In assessing the public interest, the commission shall
evaluate, among other things, whether the transfer:
(1) facilitates the development of transmission
infrastructure necessary to ensure reliability, encourages the
development of renewable resources, and accommodates energy
transfers within and between states;
(2) protects Minnesota ratepayers against the subsidization
of wholesale transactions through retail rates;
(3) ensures, in the case of operational control of
transmission assets, that the state retains jurisdiction over
the transferring utility for all aspects of service under
chapter 216B;
(4) impacts Minnesota retail rates; and
(5) protects Minnesota ratepayers from paying capital costs
for transmission assets that have already been recovered.
(b) A transfer of operational control or ownership of
transmission assets by a public utility under this subdivision
is subject to section 216B.50. The relationship between a
public utility transferring operational control of transmission
assets to another entity under this subdivision is subject to
the provisions of section 216B.48. If a public utility
transfers ownership of its transmission assets to a transmission
provider subject to the jurisdiction of the Federal Energy
Regulatory Commission, the Public Utilities Commission may
permit the utility to file a rate schedule providing for the
automatic adjustment of charges to recover the cost of
transmission services purchased under tariff rates approved by
the Federal Energy Regulatory Commission.
(c) A municipal utility, a municipal power agency, or a
joint venture pursuant to section 452.25 may transfer
operational control or ownership of transmission assets to a
transmission company, or make investments in a transmission
company, if the governing body of the municipal utility,
municipal power agency, or joint venture finds that the transfer
or investment is consistent with the public interest and will
facilitate the development of infrastructure necessary to ensure
reliability.
[EFFECTIVE DATE.] This section is effective August 1, 2005,
and applies to petitions for approval of transfer of
transmission assets filed on or after that date and does not
apply to proceedings pending before the Public Utilities
Commission before that date.
So let’s see, is there anything else the utilities need to prepare for CapX 2020??? Oh, the “Minnesota” need criteria was gutted, changed to be “regional” so that opens the door even wider… gee, thanks…
216B.243, Subdivision 3
(3) the relationship of the proposed facility to overall
state energy needs, as described in the most recent state energy
policy and conservation report prepared under section 216C.18,
or, in the case of a high-voltage transmission line, the
relationship of the proposed line to regional energy needs, as
presented in the transmission plan submitted under section
216B.2425;
and…
(9) with respect to a high-voltage transmission line, the
benefits of enhanced regional reliability, access, or
deliverability to the extent these factors improve the
robustness of the transmission system or lower costs for
electric consumers in Minnesota;
Here’s a 2007 utility infrastructure rate return scheme that gives them pronto-payback:
 Sec. 3. [216B.1636] RECOVERY OF ELECTRIC UTILITY INFRASTRUCTURE
COSTS.
Subdivision 1. Definitions. (a) “Electric utility” means a public utility as defined in
section 216B.02, subdivision 4, that furnishes electric service to retail customers.
(b) “Electric utility infrastructure costs” or “EUIC” means costs for electric utility
infrastructure projects that were not included in the electric utility’s rate base in its most
recent general rate case.
(c) “Electric utility infrastructure projects” means projects owned by an electric
utility that:
(1) replace or modify existing electric utility infrastructure, including utility-owned
buildings, if the replacement or modification is shown to conserve energy or use energy
more efficiently, consistent with section 216B.241, subdivision 1c; or
(2) conserve energy or use energy more efficiently by using waste heat recovery
converted into electricity as defined in section 216B.241, subdivision 1, paragraph (n).
Subd. 2. Filing. (a) The commission may approve an electric utility’s petition for
a rate schedule to recover EUIC under this section.
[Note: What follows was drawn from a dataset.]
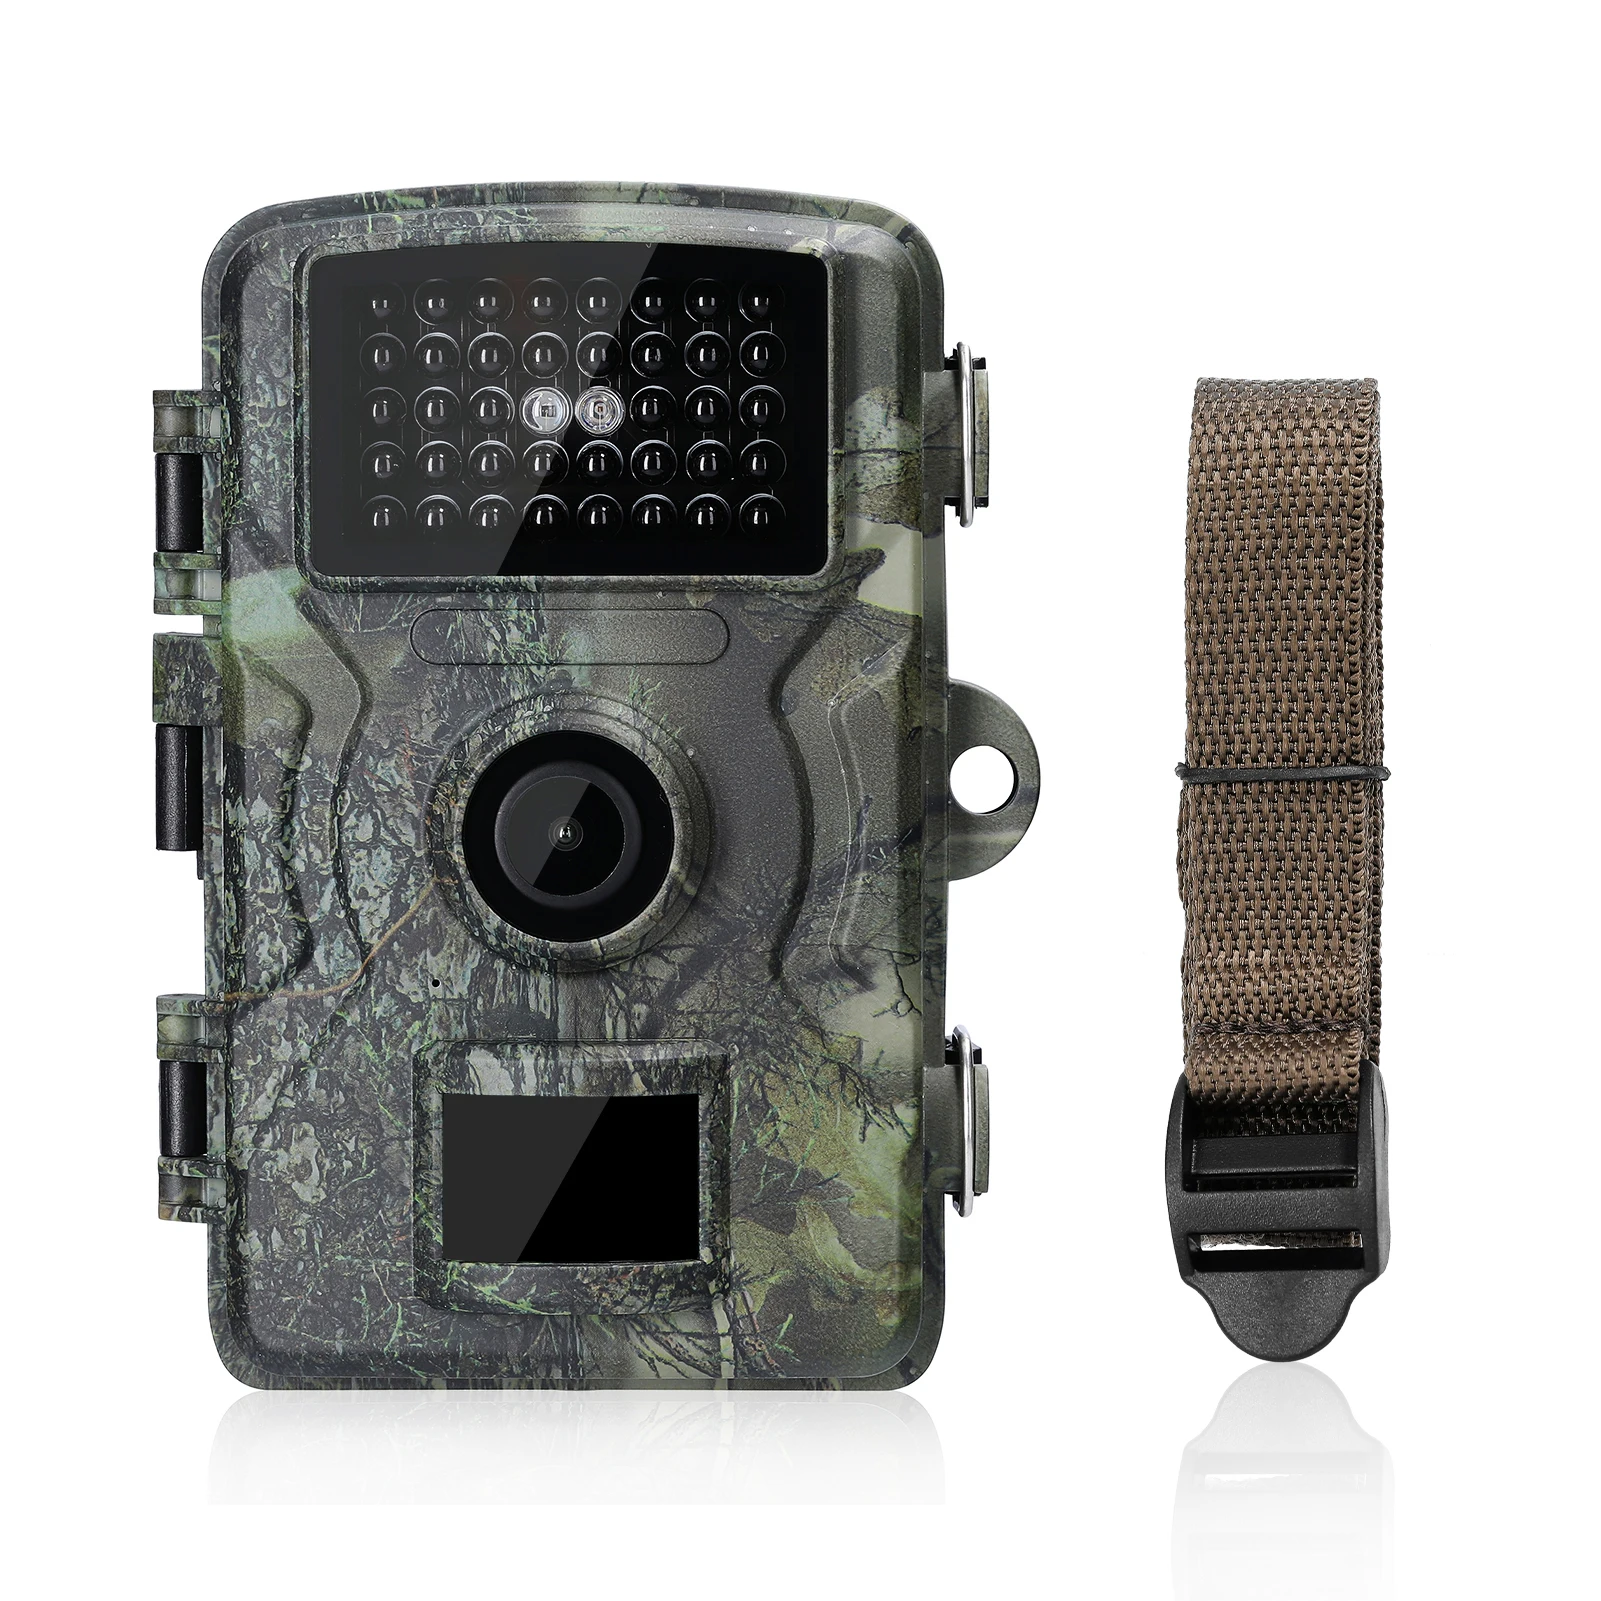 

16 МП 1080P наружная камера инфракрасная камера 2,0 дюйма TFT цветной дисплей для дневного и ночного использования камера ночного видения IP66 водонепроницаемая

An electric utility may petition the
commission to recover a rate of return, income taxes on the rate of return, incremental
property taxes, if any, plus incremental depreciation expense associated with EUIC.
(b) The filing is subject to the following:
(1) an electric utility may submit a filing under this section no more than once
per year; and
(2) an electric utility must file sufficient information to satisfy the commission
regarding the proposed EUIC or be subject to denial by the commission. The information
includes, but is not limited to:
(i) the location, description, and costs associated with the project;
(ii) evidence that the electric utility infrastructure project will conserve energy or use
energy more efficiently than similar utility facilities currently used by the electric utility;
(iii) the proposed schedule for implementation;
(iv) a description of the costs, and salvage value, if any, associated with the existing
infrastructure replaced or modified as a result of the project;
(v) the proposed rate design and an explanation of why the proposed rate design
is in the public interest;
(vi) the magnitude and timing of any known future electric utility projects that the
utility may seek to recover under this section;
(vii) the magnitude of EUIC in relation to the electric utility’s base revenue as
approved by the commission in the electric utility’s most recent general rate case,
exclusive of fuel cost adjustments;
(viii) the magnitude of EUIC in relation to the electric utility’s capital expenditures
since its most recent general rate case;
(ix) the amount of time since the utility last filed a general rate case and the utility’s
reasons for seeking recovery outside of a general rate case;
(x) documentation supporting the calculation of the EUIC; and
(xi) a cost and benefit analysis showing that the electric utility infrastructure project
is in the public interest.
(c) Upon approval of the proposed projects and associated EUIC rate schedule, the
utility may implement the electric utility infrastructure projects.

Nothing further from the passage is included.